And that is my current lockless queue implementation basically.  To my knowledge, there's no weakness in this implementation.  I've been using it as a basis for a job system, which has several producers and consumers pushing and popping at the same time, and I've not detected any double pop or failing to push.  Next I think I'll look at my own job system implementation.  It's by no means the best, but it's got some nice features, and I'd like to think it's fairly straight forward.

Thursday, May 28, 2015

Lockless Queues

Last time, we implemented a lock-less stack.  Let's move on to a slightly more useful structures, a fifo queue.  But first, we need to talk about how lock-less these data structures are.

Producer consumer counts
When talking about lock-less data structures for transferring data between threads, the number of producers and consumers expected to use the data structure at the same time.  So far, the lock-less stacks have been a multi-producer, multi-consumer setup, which means they've supported multiple threads pushing and popping data to the stacks at the same time on different threads.

That was managed relatively easy, but when talking about fifo queues, we're going to start with a weaker requirement to make things easier initially - single producer, single consumer.  This means we expect to only be pushed to by one thread, and pop from by another thread.

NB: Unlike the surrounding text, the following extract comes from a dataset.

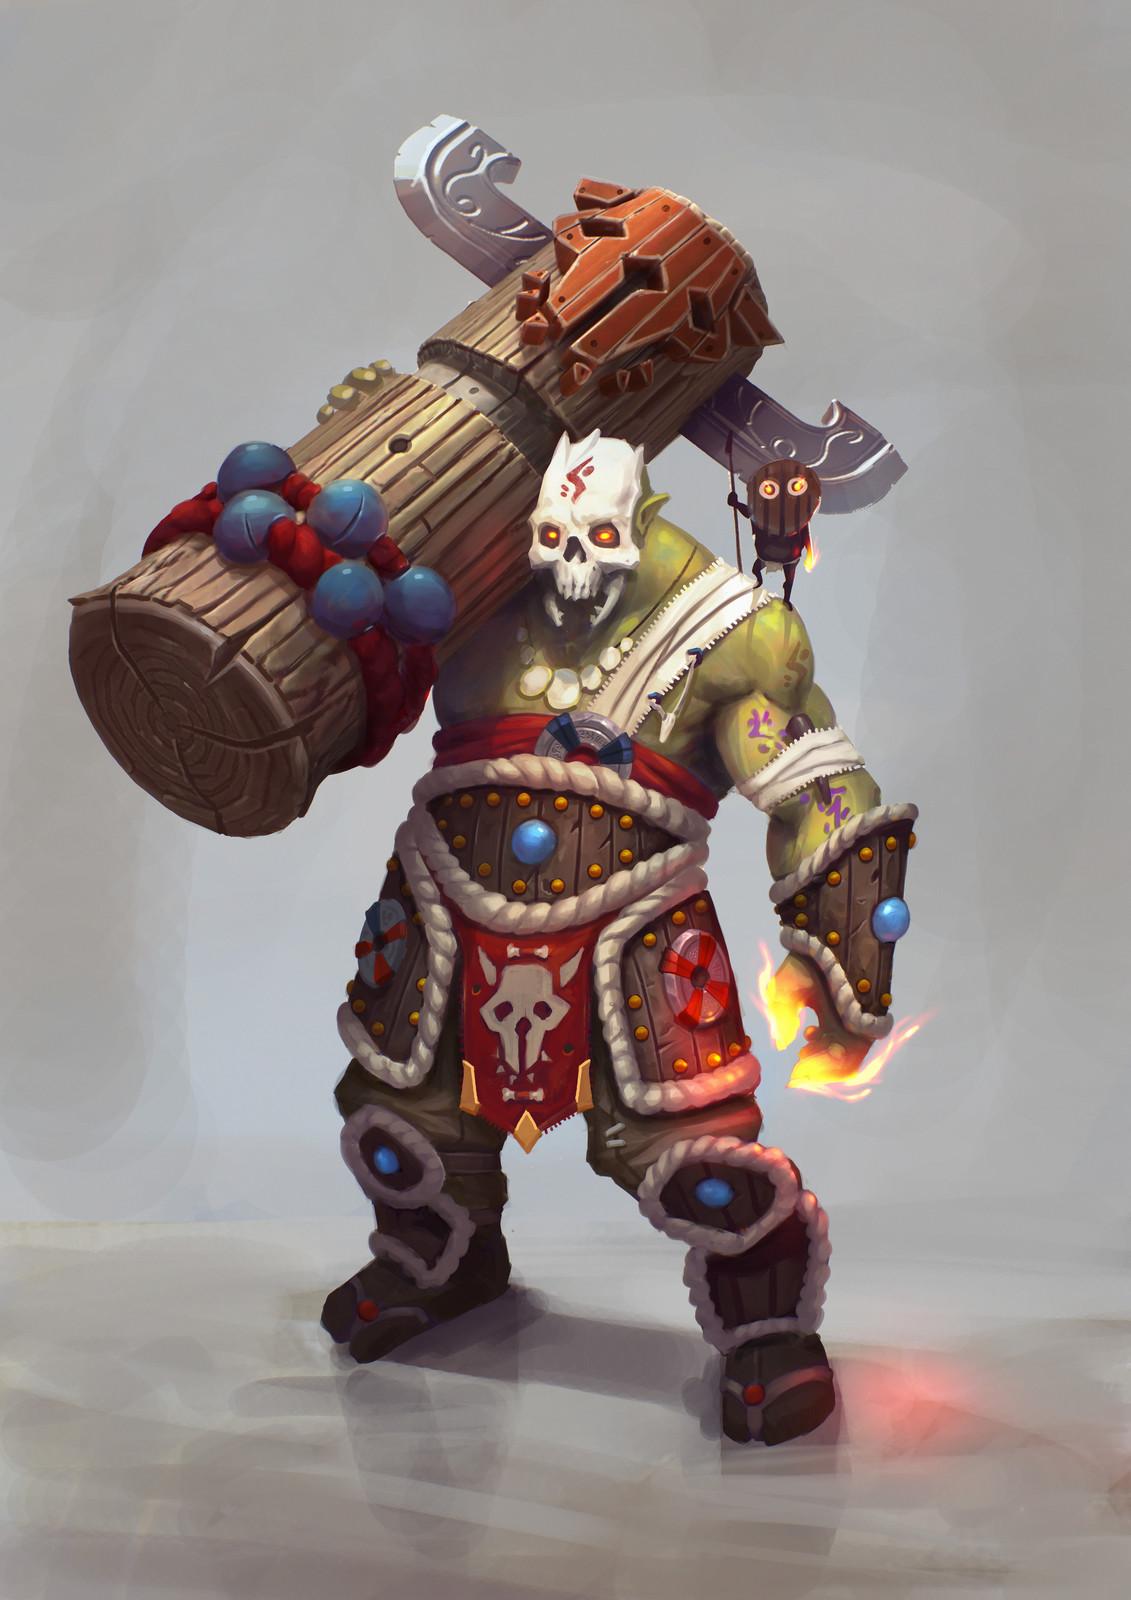 Warcraft reaper - Part 1
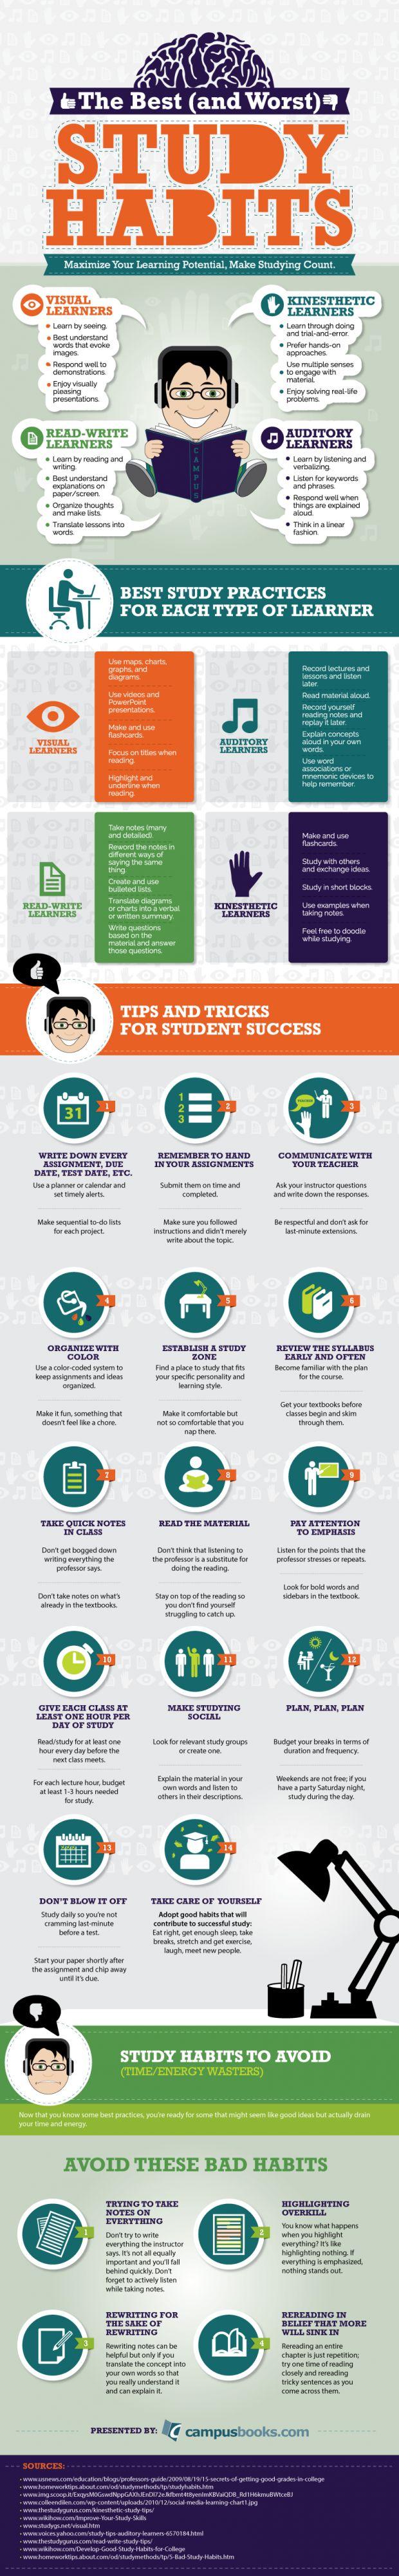 10 Best Study Habits of Successful Students | ECPI University

SPSCQueue - single producer, single consumer queue
Starting this queue, we're going to focus on a fixed sized queue.
The basic design in use here is, when pushing, we write out data to an internal buffer, then increment our write offset.  When poping, we make sure our read offset is different than our write offset, and if it is, we read the value and then increment our read offset.

The code looks like this:

template <class T>
class SPSCQueue
{
public:
 SPSCQueue(uint32_t _powerOfTwo)
 {
  m_count = 1 << _powerOfTwo;
  m_data = new T*[m_count];
  m_count-=1;
 }

 ~SPSCQueue()
 {
  delete[] m_data;
 }

 bool Push(T* _value)
 {
  uint32_t location = m_writerLoc;
  if (m_readerLoc + m_count < location)
  {
   return false;
  }

  m_data[location & m_count] = _value;
  m_writerLoc++;
  return true;
 }

 T* Pop()
 {
  uint32_t location = m_readerLoc;
  if (location == m_writerLoc)
  {
   return nullptr;
  }

  T* result = m_data[location & m_count];
  m_readerLoc = location + 1;
  return result;
 }

private:
 T** m_data;
 uint32_t m_count;
 std::atomic<uint32_t> m_readerLoc;
 std::atomic<uint32_t> m_writerLoc;
}; 

A note on the count:  I require a power of 2 size to avoid expensive divides, so I have the user pass in the power of two desired.  Also, Push can fail!  Be sure to handle that situation.  If I expect it to not fail, I'll use a verify macro, which includes an assert in debug builds to verify the results.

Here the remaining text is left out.